Current Status: ~35% complete - Infrastructure and API are functional, but CLI tool, Celery workers, collectors, and generators are not yet implemented.
Language: Python 3.12 (standardized across entire project)
Database: MongoDB with Beanie ODM (async, document-based)
Essential Commands
Development Environment Setup
# Install dependencies
poetry install
# Start Docker development stack (6 services: MongoDB, Redis, API, Chat, Worker, Frontend)
cd deploy/docker
docker-compose -f docker-compose.dev.yml up --build -d
# Check service status
docker-compose -f docker-compose.dev.yml ps
# View logs
docker-compose -f docker-compose.dev.yml logs -f api
docker-compose -f docker-compose.dev.yml logs -f --tail=50 api
# Stop services
docker-compose -f docker-compose.dev.yml down
# Restart single service after code changes
docker-compose -f docker-compose.dev.yml restart api
Testing & Code Quality
# Run all tests
poetry run pytest
# Run specific test file
poetry run pytest tests/test_reliability.py
# Run with coverage
poetry run pytest --cov=src/datacenter_docs --cov-report=html
# Linting
poetry run black src/
poetry run ruff check src/
poetry run mypy src/
# Format code (100 char line length)
poetry run black src/ tests/
Running Services Locally
# API server (development with auto-reload)

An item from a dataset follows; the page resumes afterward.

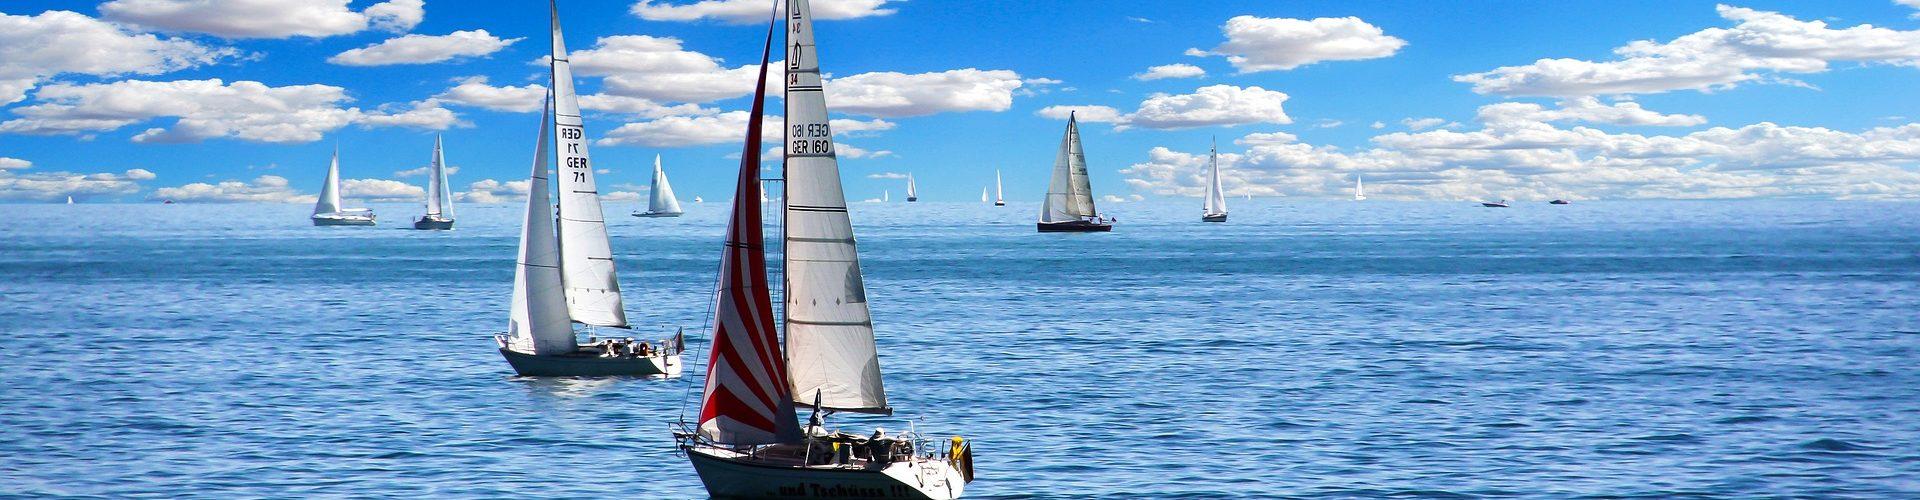 segeln lernen in Salzwedel segelschein machen in Salzwedel 1920x500 - Segeln lernen in Salzwedel

poetry run uvicorn datacenter_docs.api.main:app --reload --host 0.0.0.0 --port 8000
# CLI tool (NOT YET IMPLEMENTED - needs src/datacenter_docs/cli.py)

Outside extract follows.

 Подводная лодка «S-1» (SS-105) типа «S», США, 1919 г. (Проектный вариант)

poetry run datacenter-docs --help
# Celery worker (NOT YET IMPLEMENTED - needs src/datacenter_docs/workers/)
poetry run docs-worker
# Chat server (NOT YET IMPLEMENTED - needs src/datacenter_docs/chat/main.py)
poetry run docs-chat
Database Operations
# Access MongoDB shell in Docker
docker exec -it datacenter-docs-mongodb-dev mongosh -u admin -p admin123
# Access Redis CLI
docker exec -it datacenter-docs-redis-dev redis-cli
# Check database connectivity
curl http://localhost:8000/health
High-Level Architecture
1. LLM Provider System (OpenAI-Compatible API)
Location: src/datacenter_docs/utils/llm_client.py
Key Concept: All LLM interactions go through LLMClient which uses the OpenAI SDK and can connect to ANY OpenAI-compatible provider:
- OpenAI (GPT-4, GPT-3.5)
- Anthropic Claude (via OpenAI-compatible endpoint)
- LLMStudio (local models)
- Open-WebUI (local models)
- Ollama (local models)
Configuration (in .env):
LLM_BASE_URL=https://api.openai.com/v1
LLM_API_KEY=sk-your-key
LLM_MODEL=gpt-4-turbo-preview
Usage:
from datacenter_docs.utils.llm_client import get_llm_client
llm = get_llm_client()
response = await llm.chat_completion(messages=[...])
json_response = await llm.generate_json(messages=[...])
2. Database Architecture (MongoDB + Beanie ODM)
Location: src/datacenter_docs/api/models.py
Key Characteristics:
- Models inherit from
beanie.Document - MongoDB atomic operations
- Async operations:
await Ticket.find_one(),await ticket.save() - ObjectId for primary keys:
PydanticObjectId - Supports embedded documents and references
Example:
from beanie import Document, PydanticObjectId
from datetime import datetime
class Ticket(Document):
ticket_id: str
status: TicketStatus
created_at: datetime = datetime.now()
class Settings:
name = "tickets" # Collection name
indexes = ["ticket_id", "status"]
# Usage
ticket = await Ticket.find_one(Ticket.ticket_id == "INC-123")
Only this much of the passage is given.